Victoria turned back from the counter. There, behind the coffee urn where Cora presided, stood Burton, in his blue suit, tiny beads of perspiration appearing on his forehead. His little blue eyes fixed themselves upon her like drills seeking in her being the line of least resistance where he could deliver his attack. She almost fled, as if she had seen a snake, every facet of her memory causing the touch of his hot warm hand to materialise.

'Vic,' said Neville's voice softly as she passed, 'is it yes?'

She looked down at the handsome face.

'Yes, Beauty Boy,' she whispered, and walked away.


CHAPTER XVI

'Silly ass,' remarked Victoria angrily. She threw Edward's letter on the table. Unconsciously she spoke the 'Rosebud' language, for contact had had its effect upon her; she no longer awoke with a start to the fact that she was speaking an alien tongue, a tongue she would once have despised.

Edward had expressed his interest in her welfare in a letter of four pages covered with his thin writing, every letter of which was legible and sloped at the proper angle.
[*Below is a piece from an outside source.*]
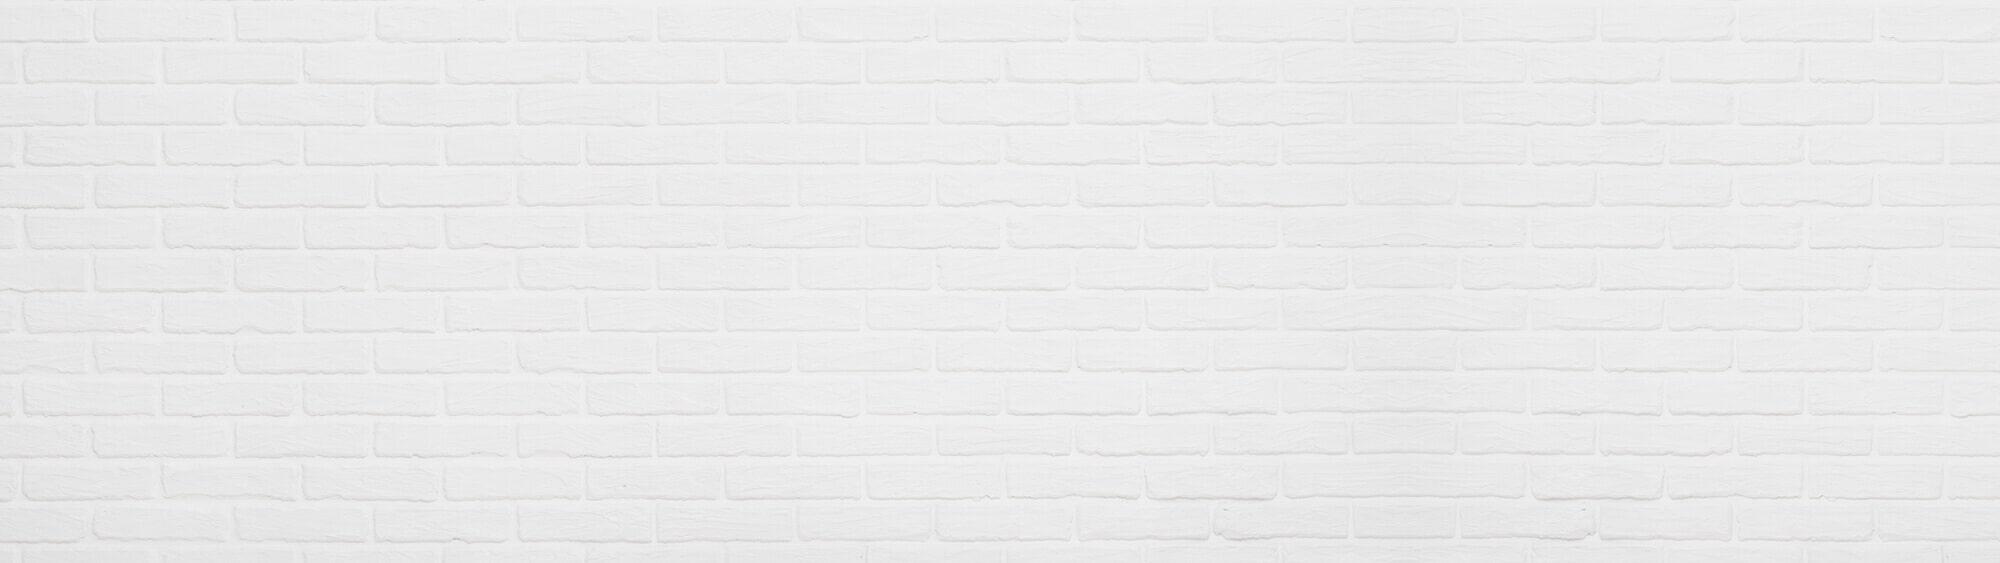 brick-pattern-bg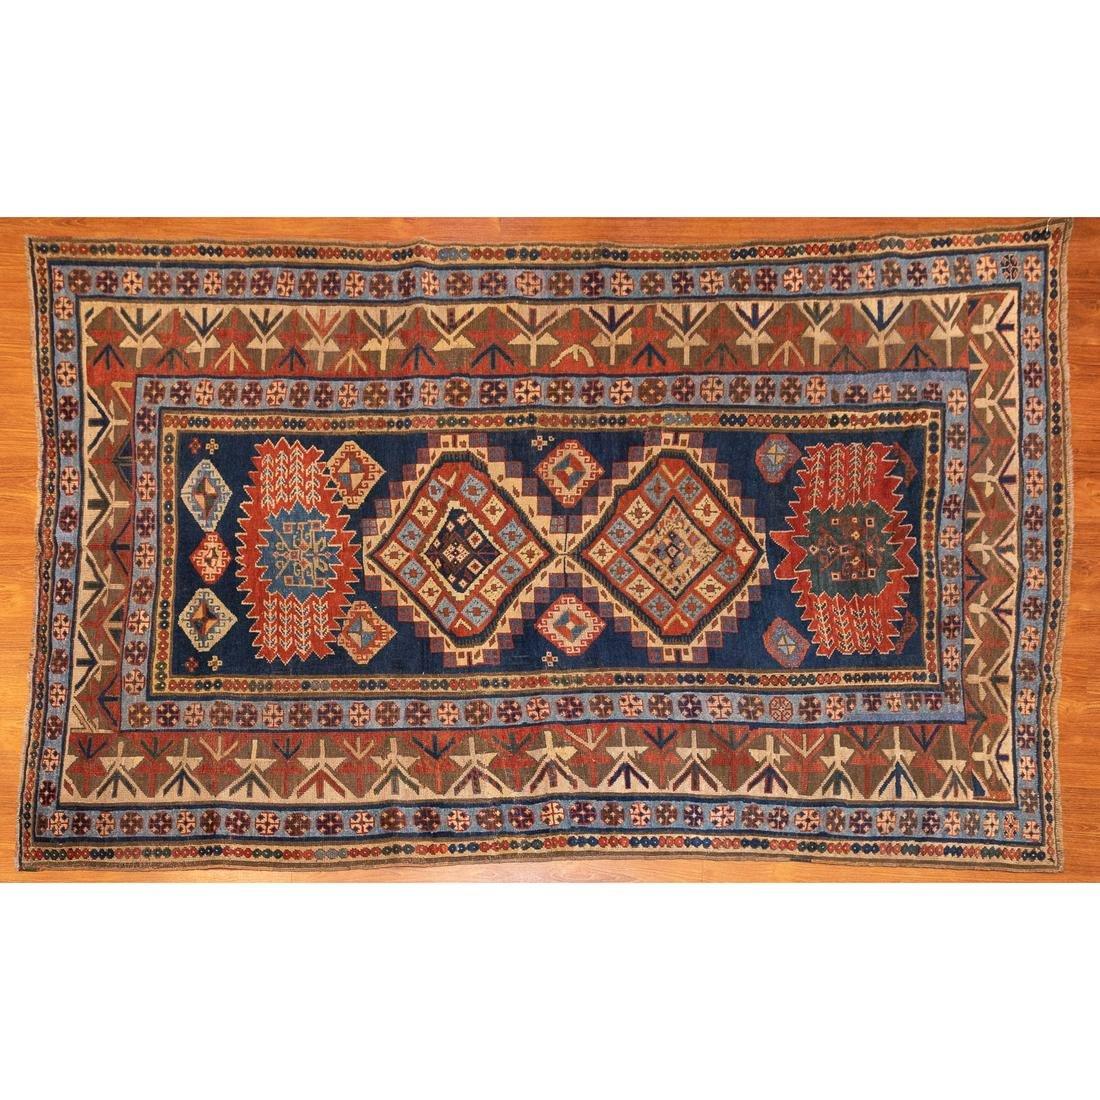 Antique Kazak Rug, Caucusus, 4.10 x 7.6

He 'considered it exceedingly undesirable for her to adopt a profession such as that of waitress.' It was comforting to know that 'he was relieved to see that she had the common decency to change her name, and he trusted. . . .' Here Victoria had stopped.

'I can't bear it,' she said. 'I can't, can't, can't. Twopenny little schoolmaster lecturing me, me who've got to earn every penny I get by fighting for it in the dirt, so to say.' Every one of Edward's features came up before her eyes, his straggling fair hair, his bloodless face, his fumbling ineffective hands. This pedagogue who had stepped from scholardom to teacherdom dared to blame or eulogise the steps she took to earn her living, to be free to live or die as she chose. It was preposterous. What did he know of life?

Victoria seized a pen and feverishly scribbled on a crumpled sheet of paper.